Александр Минчин - Факультет патологии Страница 7
- Категория: Проза / Классическая проза
- Автор: Александр Минчин
- Год выпуска: неизвестен
- ISBN: нет данных
- Издательство: неизвестно
- Страниц: 79
- Добавлено: 2018-12-12 14:18:56
Александр Минчин - Факультет патологии краткое содержание
Прочтите описание перед тем, как прочитать онлайн книгу «Александр Минчин - Факультет патологии» бесплатно полную версию:Александр Минчин - Факультет патологии читать онлайн бесплатно
Но они еще не были бляди, тем более Светочка: она была «жертва» – (чужого, но похотливого разума). Вернее, Маринка была, но тоже не полная, а в удовольствие. Я бы это назвал: приближение к блядям.
А теперь о настоящей… О нашей старосте с ее необыкновенной историей. Ирка мне все, конечно, в деталях рассказала. Как путеводитель и путеводствующий.

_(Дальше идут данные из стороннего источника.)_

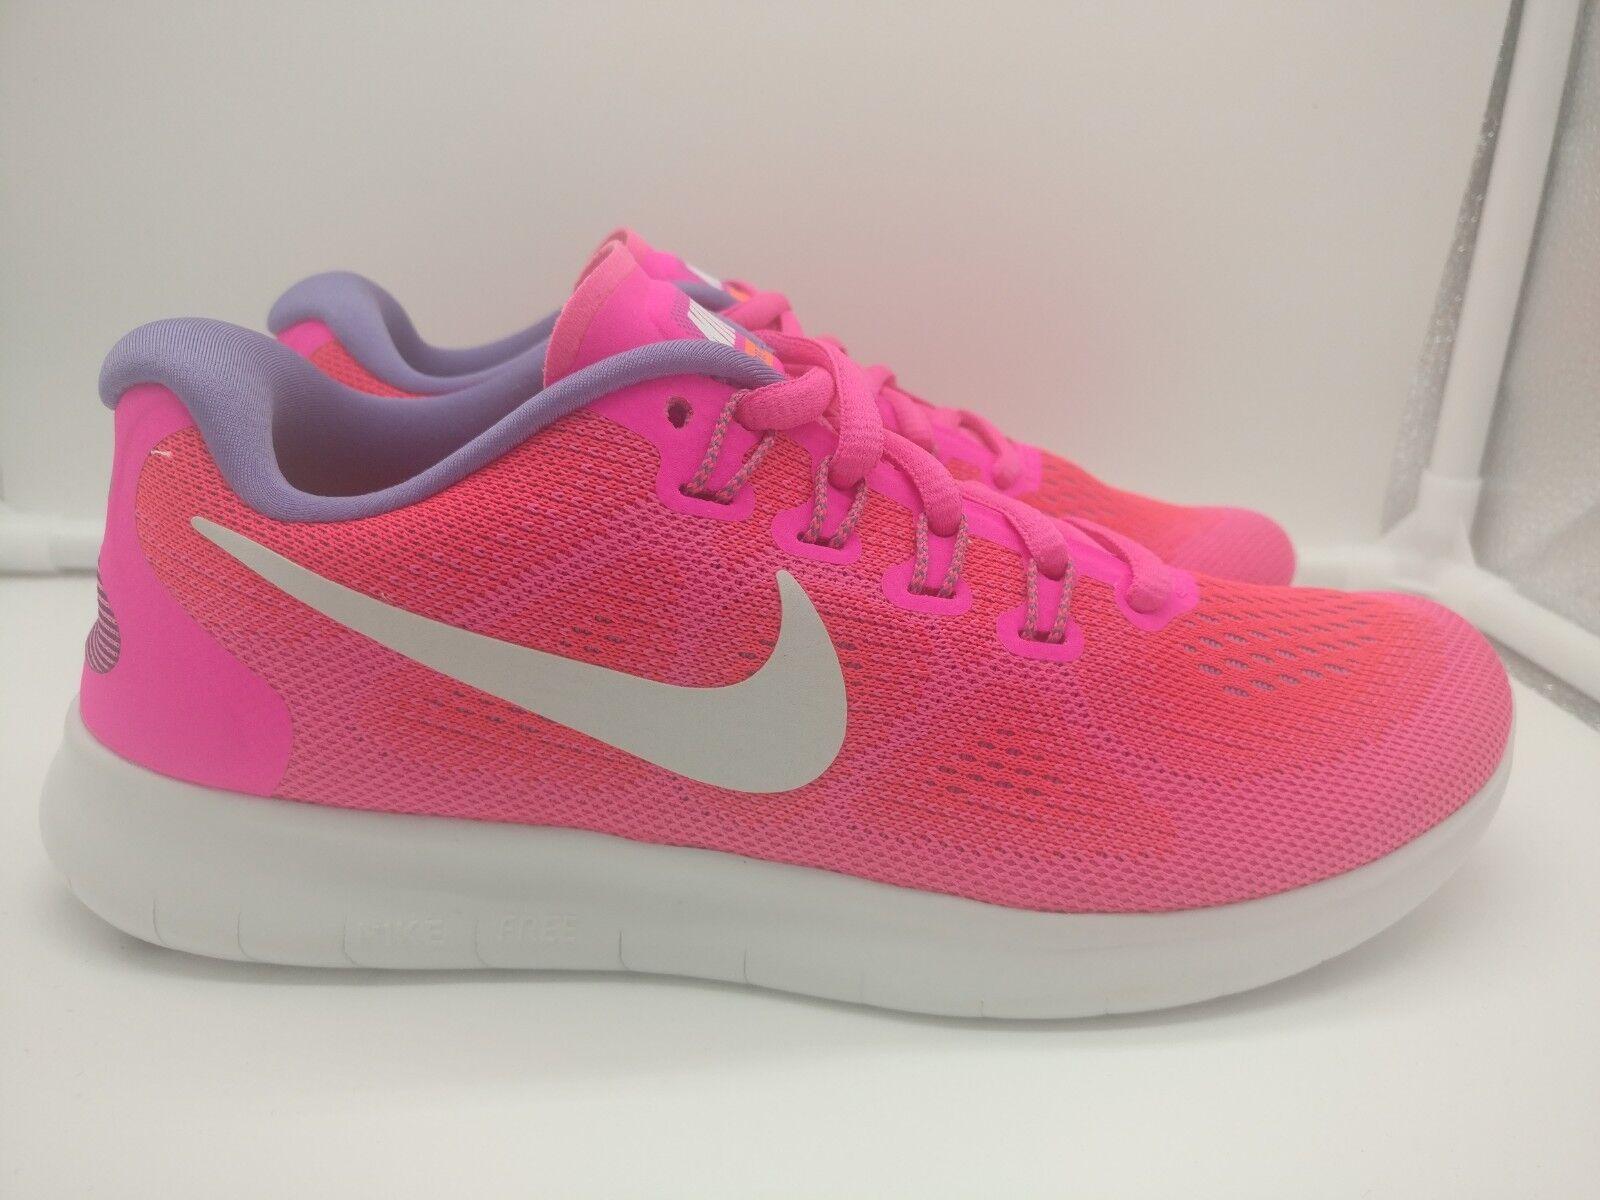 Nike de mujer libre rn 2017 ejecutar UK 3 3 3 Racer rosado blancoo Apagado 880840-601  popular

Люба Городуля происходила родом из Брянска. Она была старше всех нас, и – из города Брянска ее выдворили за проституцию. Вроде даже в паспорте у нее стояла какая-то отметка. Об этом случае. Это был редкий случай, то, что она заслужила. Только паспорт она этот никому не показывала. Она приехала в Москву и, чтобы что-то делать (помимо блядства), поступила в институт, чтобы заниматься. Как она поступила в институт – это тоже загадка, которая останется неразгаданной, хотя, если поковыряться, то все быстро разгадывается… Родители ей ничем не помогали, это естественно, и занималась она тем, что буквально продавала свое тело посредством полового акта, или канцелярским языком, акта полового – с которого и жила: она спала с «фирмой», но не порядочной, а черно-африканской: с неграми, арабами, метисами, мулатами и даже с угандцем. (Хотя при чем здесь «и даже», угандец же он нормальный и ему тоже хочется е…) Почему Люба черными занималась (ладно уж белыми, это куда ни шло – прилично и порядочно) – они платили хорошо, потому что им – как никому – тоже очень хотелось, а цветным у нас в Москве не уделяли должного внимания. Никакого. А Люба, приехавшая из Брянска, была умная и уделяла. Они платили валютой, она ее потом перепродавала, и плюс: у них в их странах было засилие американских товаров, которые Люба, не смущаясь, брала и даже просто просила или как-то выуживала, в виде подарков. Будь то мужское или женское, безразлично, одно на себя, другое на продажу. Или своим мальчикам, русским, которых она держала для души и отдыха тела. Черных она органически не переваривала.
Мальчиков к тому же она кормила, чтобы они не были голодные и всегда были для ее тела наготове, то ли готовые, уж как она больше хотела.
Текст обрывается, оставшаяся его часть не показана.